The Earth E orbits uniformly about O, completing 1 revolution in 1 sidereal year, which Copernicus computes to be 365 days 6 h 9 min 40 s. The centre of the orbit of the Earth is no longer fixed but rotates around C with |CO | = r2 say, completing 1 revolution in 3434 years, and C rotates around the Sun S with |SC| = ri, completing 1 revolution in just over 53 000 years. The motion around the Sun is linked to the precession/obliquity mechanism shown in Figure 5.3 by assuming that SCO is a straight line when 0 = 0 and that this was the case in 65 BC. Copernicus took the radius of the Earth's orbit |OE| to be 10 000 units and determined from the observed values of the eccentricity at various times that r1 = 369, r2 = 48. Thus, the eccentricity varies between 0.0369 + 0.0048 = 0.0417 « 1/24 and 0.0369 - 0.0048 = 0.0321. The aphelion A oscillates about the mean aphelion A with a period of 3434 years, while A takes 53 000 years to complete 1 revolution of the Sun.

In the First Report, Rheticus added his own astrological interpretation to the motion of the centre of the orbit of the Earth:

I shall add a prediction Thus, when the eccentricity of the sun was at its maximum [i.e. when SCO was a straight line], the Roman government became a monarchy; as the eccentricity decreased, Rome too declined, as though aging, and then fell. When the eccentricity reached the boundary and quadrant of mean value [i.e. when SCO was a right angle], the Mohammedan faith was established; another great empire came into being and increased very rapidly, like the change in eccentricity. A hundred years hence, when the eccentricity will be at its minimum, this empire will complete its period. In our time it is at its pinnacle from which equally swiftly, God willing, it will fall with a mighty crash. We look forward to the coming of our Lord Jesus Christ when the centre of the eccentricity reaches the other boundary of mean value, for it was in that position at the creation of the world Thus it appears that this small circle is in very truth the Wheel of Fortune, by whose turning the kingdoms of the world have their beginnings and vicissitudes.
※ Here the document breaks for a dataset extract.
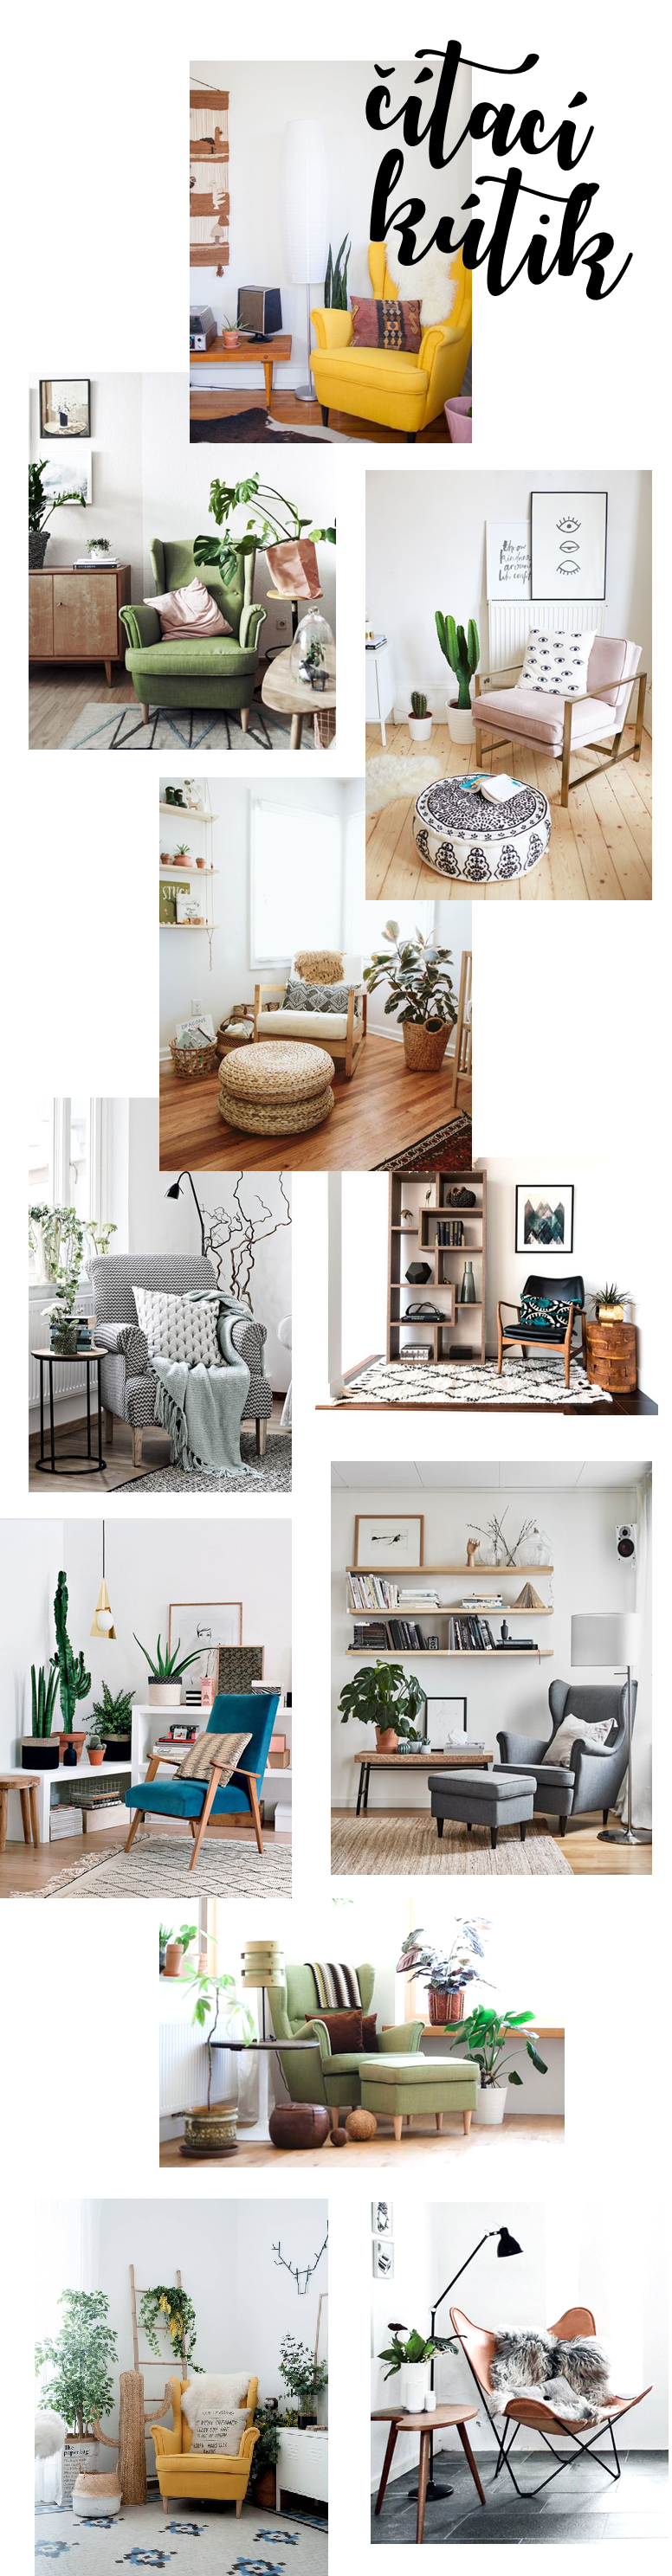 interior_living room_readingcorner

In describing the model illustrated in Figure 5.4 we have assumed tacitly that the Sun is at rest with the points C and O moving around small circles. However, it is possible to achieve precisely the same geometrical relationship between S and E by assuming that the centre of the orbit of the Earth O is motionless with S and C revolving around it on small circles. Copernicus realized that there was no way of saying which of O and S actually was at rest at the centre of the Universe, but it is quite clear that he believed this honour belonged to the Sun.
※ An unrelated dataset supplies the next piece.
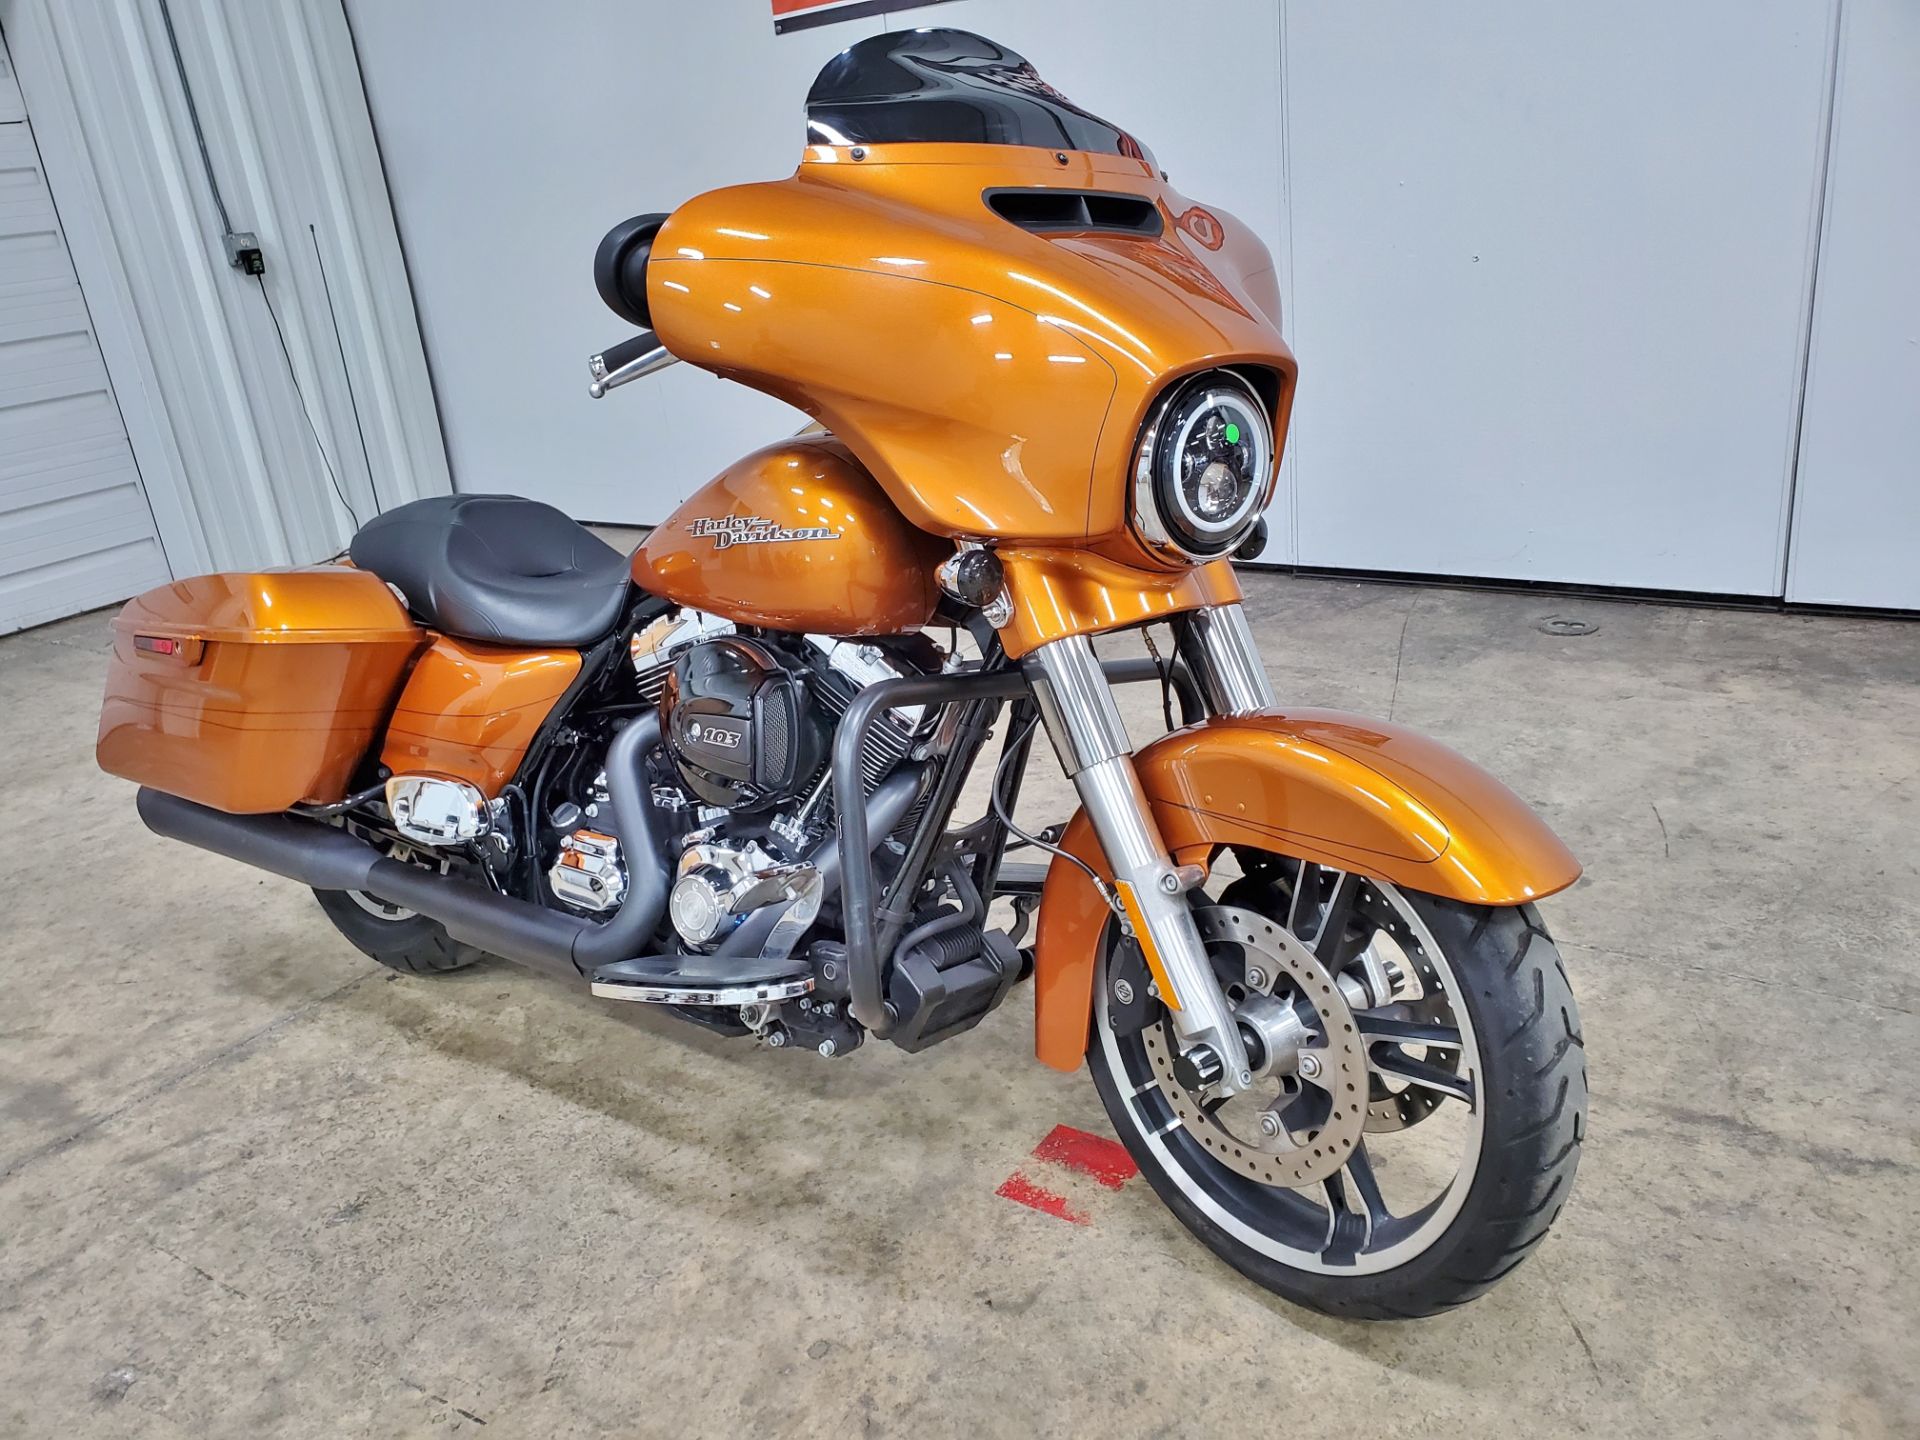 2014 Harley-Davidson Street Glide® Special in Sandusky, Ohio - Photo 3

One of Copernicus' reasons for assuming a moving Earth is greatly to simplify the theories of the planets. But that would be of little use if it were not possible to devise a theory of the motion of the Earth that represented accurately the observed phenomena. This Copernicus achieved with a considerable degree of success, but the resulting scheme could hardly make any claim to simplicity. The theory is also full of holes. The values of many of the numerical parameters simply are assumed by Copernicus, particularly when the necessary mathematics would otherwise have been beyond him, and there are numerous arithmetical and historical inaccuracies.
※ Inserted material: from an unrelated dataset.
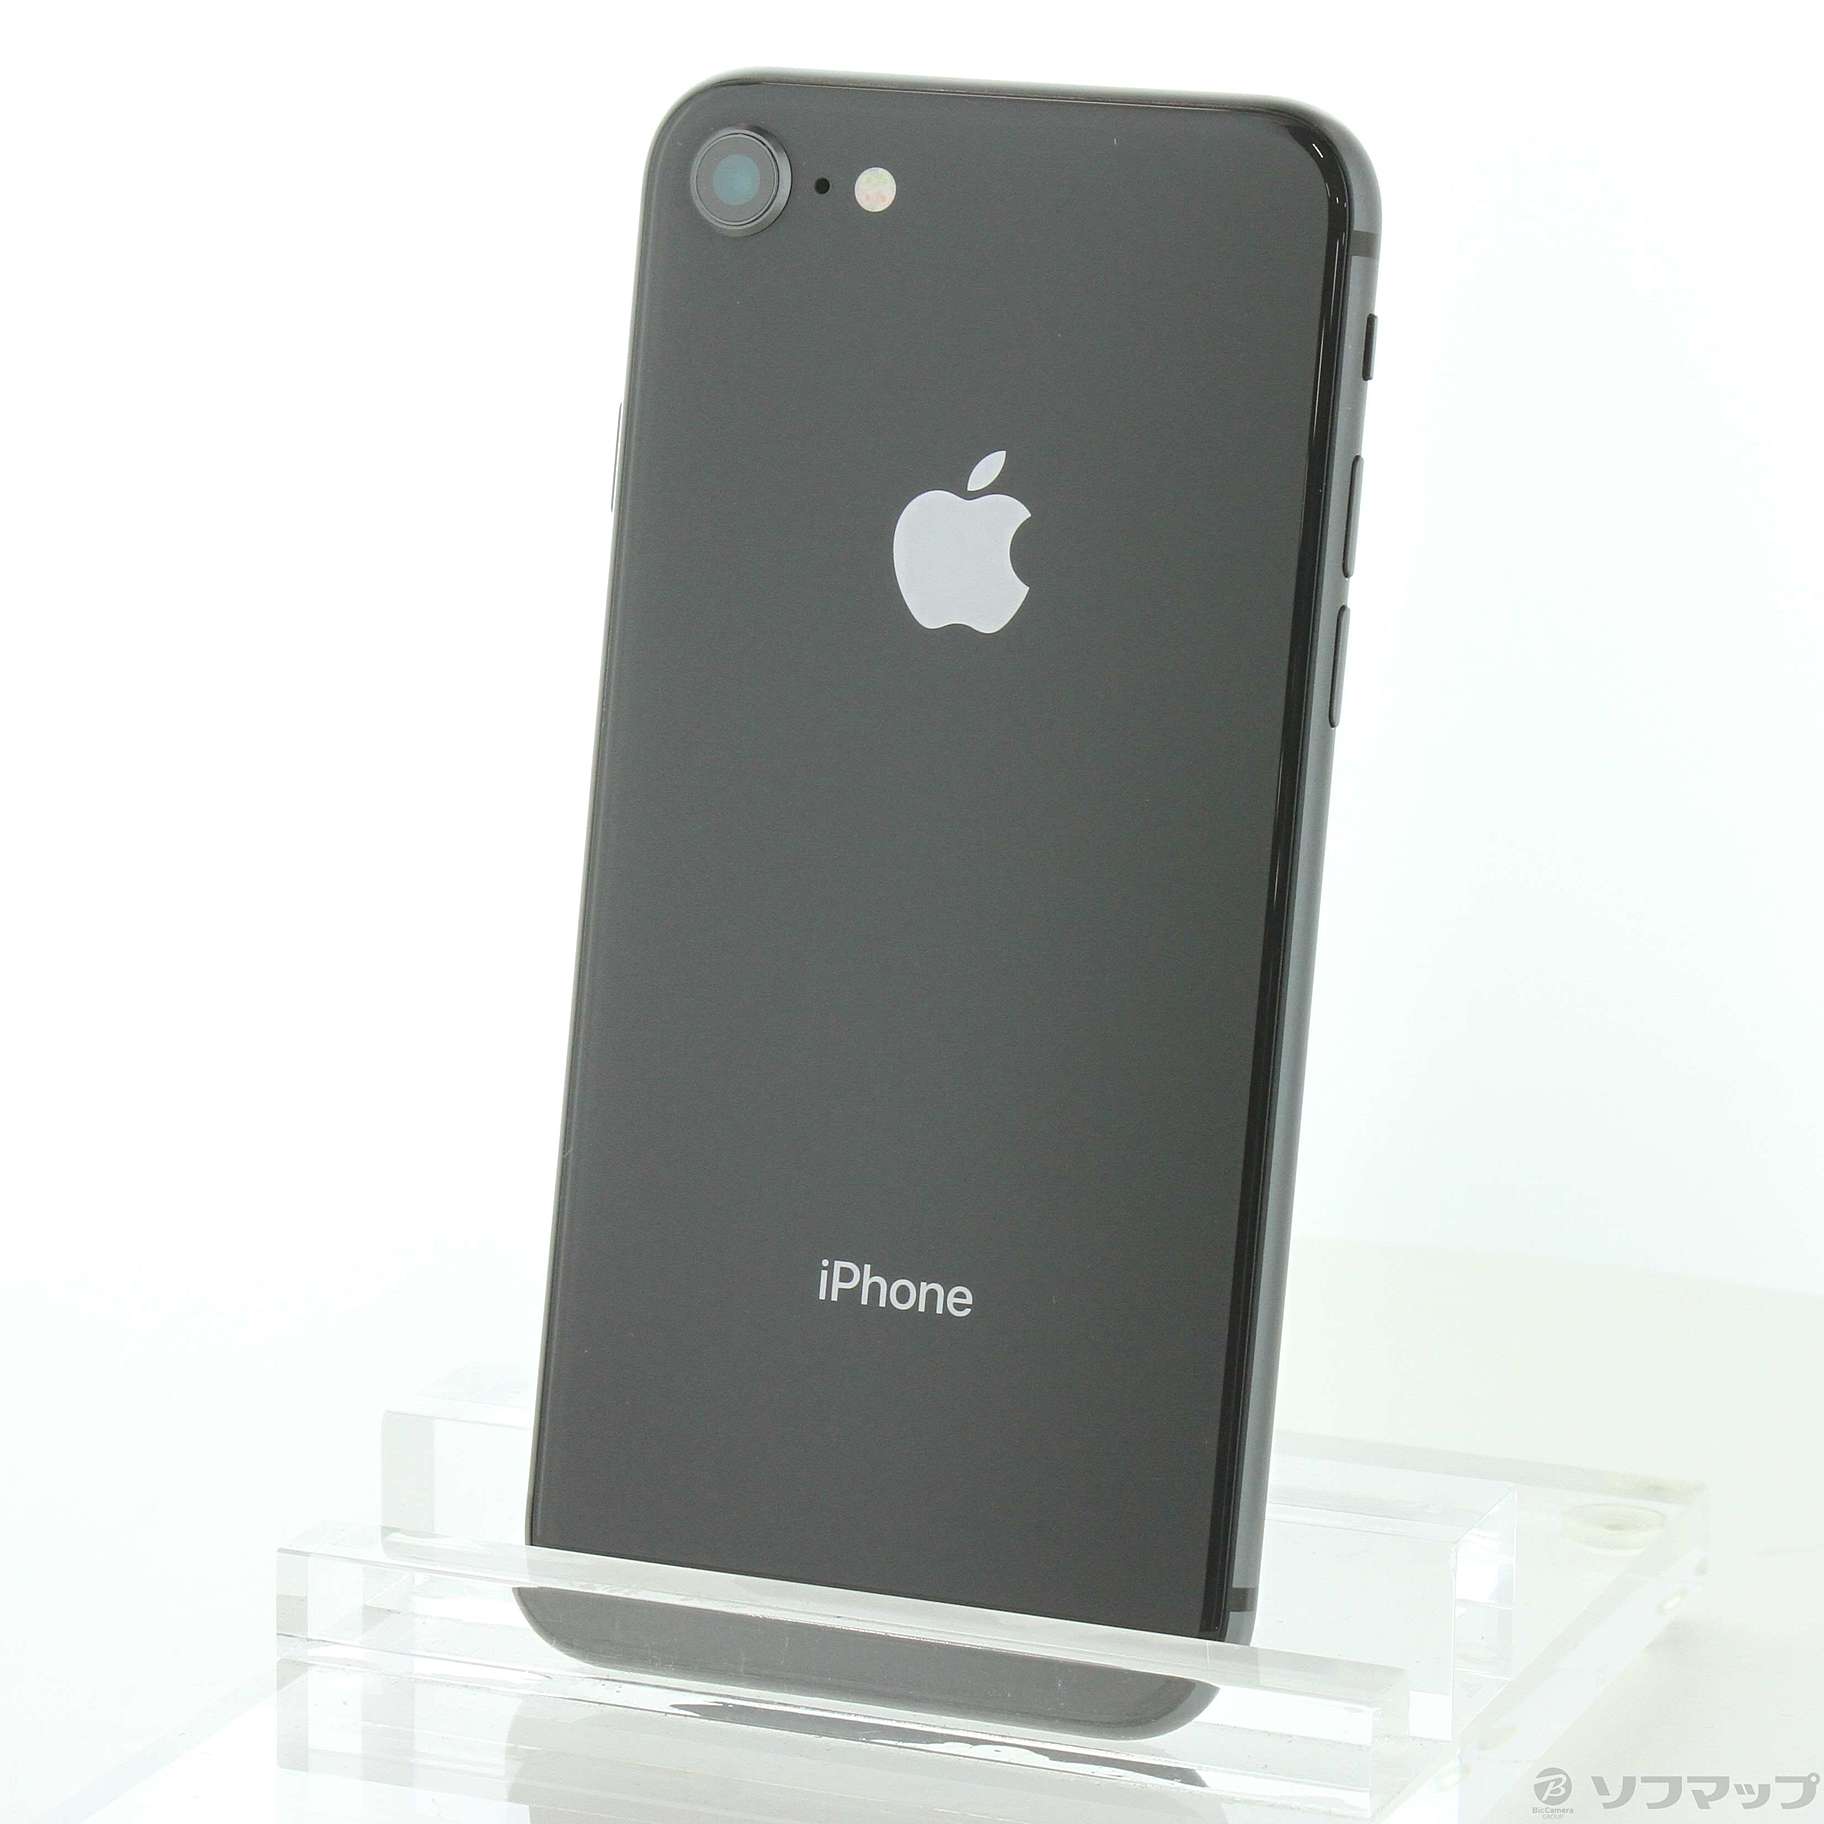 iPhone Space Gray 64 GB SIMフリー

### The motion of the Moon

The lunar theory is much more straightforward than that for the Earth, since the observed motion of the Moon does not possess the same gross irregularities as the orbits of the planets. Copernicus agreed with the ancients that its motion takes place round the Earth; in fact, he went further. Since the Moon was now the only heavenly body orbiting the Earth, Copernicus attributed a certain similarity, or kinship, to the two bodies. This represents a sharp contrast with Aristotelian cosmology in which all celestial bodies were intrinsically different from the Earth. Copernicus objected to Ptolemy's theory of the Moon on precisely the same grounds as Ibn al-Shatir had done 200 years before him, i.e. that it violated the principle of uniform circular motion and it predicted a manifestly incorrect change in the apparent diameter of the Moon during the course of a month.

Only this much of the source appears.